As an open source project, we’re always looking for feedback, comments and community contributions - so don’t be shy, join in and let’s create the Safe Network together!

64 Likes

First finally??

Edit:now to read…

23 Likes

Thanks so much to everyone for all of your hard work and dedication! :racehorse: Remember not to work too hard. :racehorse:

17 Likes

Keep up the great work! :+1:

16 Likes

Things are really rounding out! Love to see this.

I have a feeling the next Testnet is gonna be a lot more reliable than previous.

Keep up the great work everyone @maidsafe. You all are our inspiration.

21 Likes

Fifth :(. H

10 Likes

Thank you all for your hard work. I’m going to have to reread the section on Merkle Registers a few times to get my head round it though…
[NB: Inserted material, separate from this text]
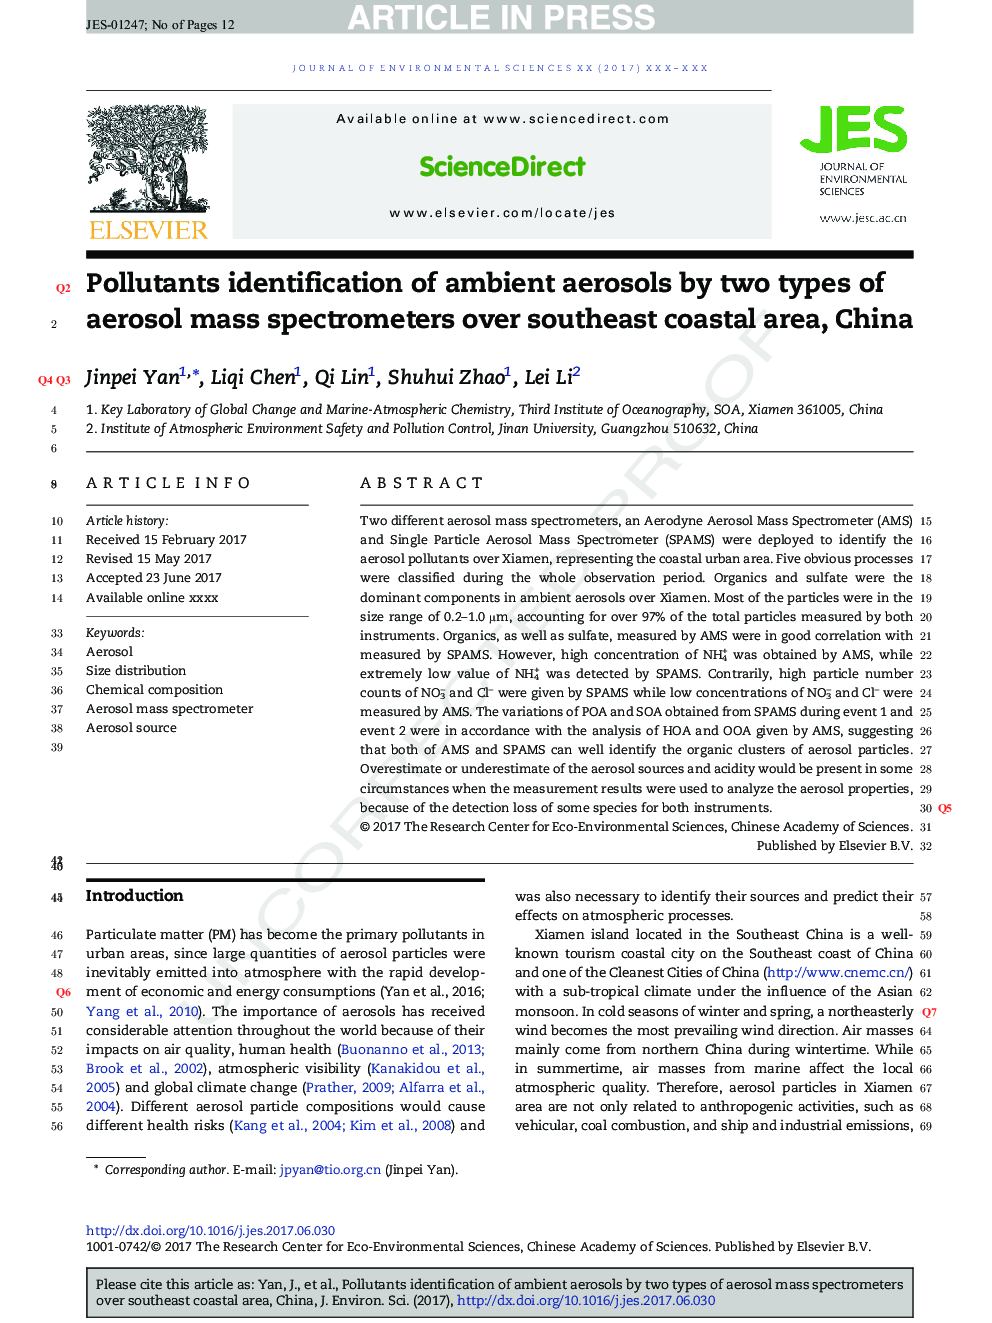 آلاینده های آلاینده های آلاینده های محیطی توسط دو نوع طیف سنج جرمی آئروسل در منطقه ساحلی جنوب شرقی، چین 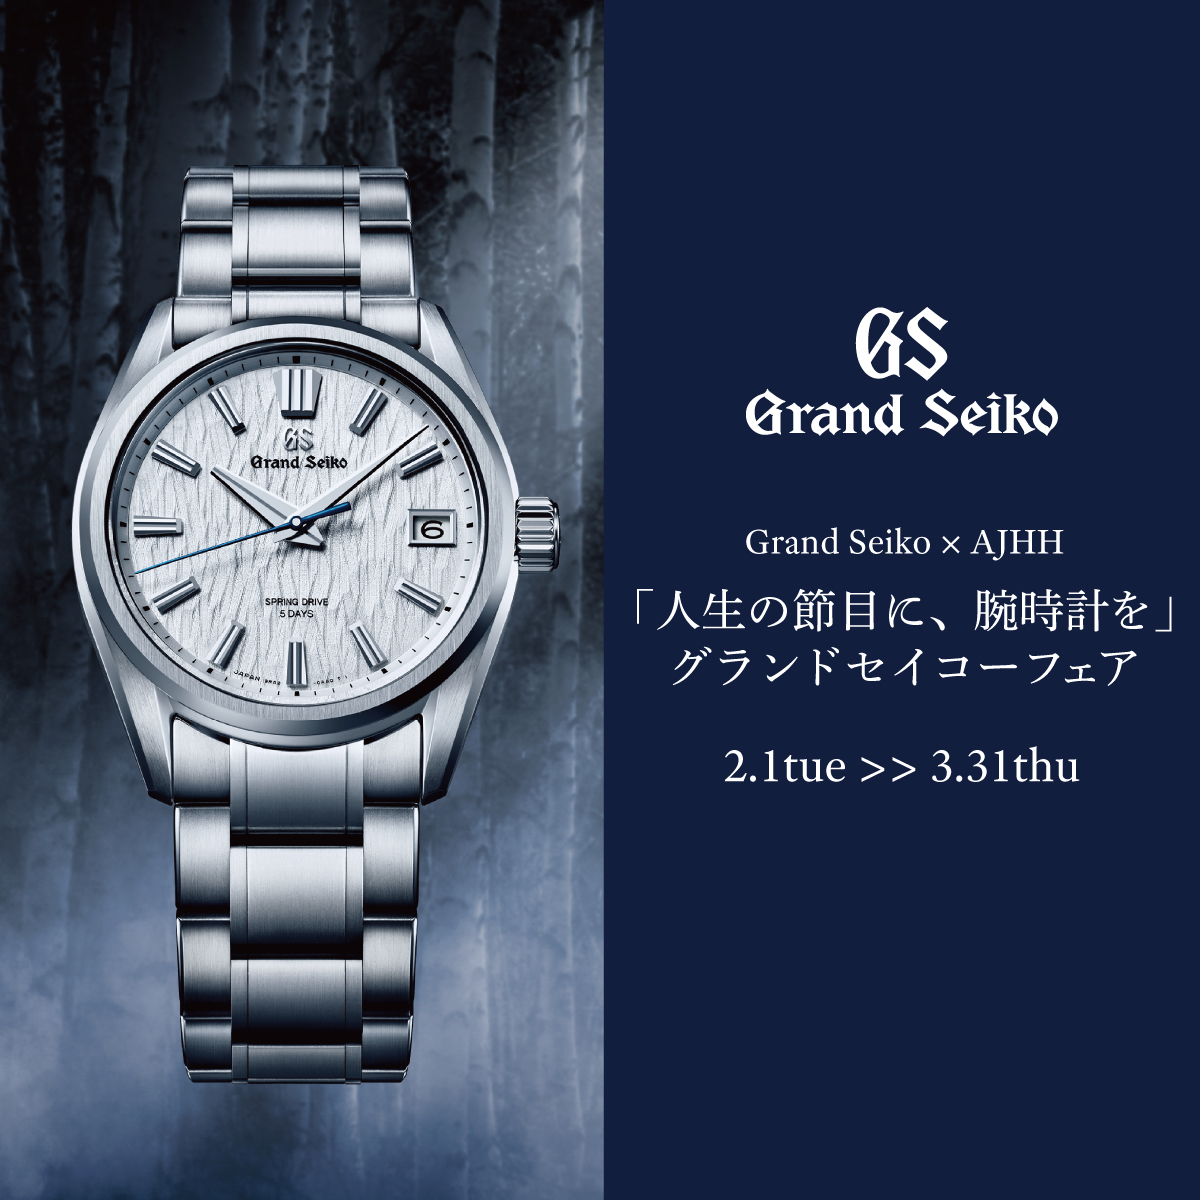 Grand Seiko×AJHH 「人生の節目に、腕時計を」 グランドセイコーフェア

It really looks like its all coming together now. Can’t wait for the next testnet…

15 Likes

Iv now read about Merkle Registers and fear I will need to buy Southside that pint so he can explain it to me once he has had time to digest it!!

Great work team keep up the good work and ill try to catch up!!

15 Likes

Not first, but still proud!!

Good work @maidsafe :tada:

15 Likes

I must admit, the technical details of these Merkle data structures lose me in the details, but I can see that it is a huge step forward in flexibility and function.

I was always a bit worried that the air-tight data security structure of xor node consensus might make some functionality limited. It would still be invaluable, but would handicap universal functionality. Leave it to the MaidSafe to keep at it and not settle for anything short of amazing.

In the end it will be like “Duh! It’s all so obvious!” Cheers to @dirvine for being able to look past the context that has been and bring into existence the context that must be for freedom to advance. Sometimes it just take a Scotsman!

18 Likes

Oh the Merkle part is all a Canadians doing (David Rusu) :slight_smile: It’s a very cool approach though for us and CRDT data. Linked to the DBC work, Ae and data chains we have something pretty cool

21 Likes

Thanks for the elaboration of Registers, it’s something I’ve been curious to hear about and of course I have questions!

  • is the purpose of the tree to provide a version history for a Register, or something else, such as concensus or in other words the CRDT capability?

  • is this orthogonal to the CRDT Tree developed earlier, or will it also be the basis for a new way of doing a CRDT Tree, or even doing the NFS directly (without a CRDT Tree)?

As always, thanks everyone for all the work we can see going on day after day. You guys really are blazing a trail here and I’m looking forward to kicking the tyres again ‘soon’ :wink:

21 Likes

It allows validly concurrent writes to be applied. So this is a fork if you like. It’s to allow CRDT really and data correctness. In the crypto world, a fork is called a double-spend and seen as a horrible thing, but in the data world, it’s sometimes required, like git or document editing etc. So here we have valid forks and they are “handled” by letting apps say which result they wish or to merge them to a newly agreed tip of the tree.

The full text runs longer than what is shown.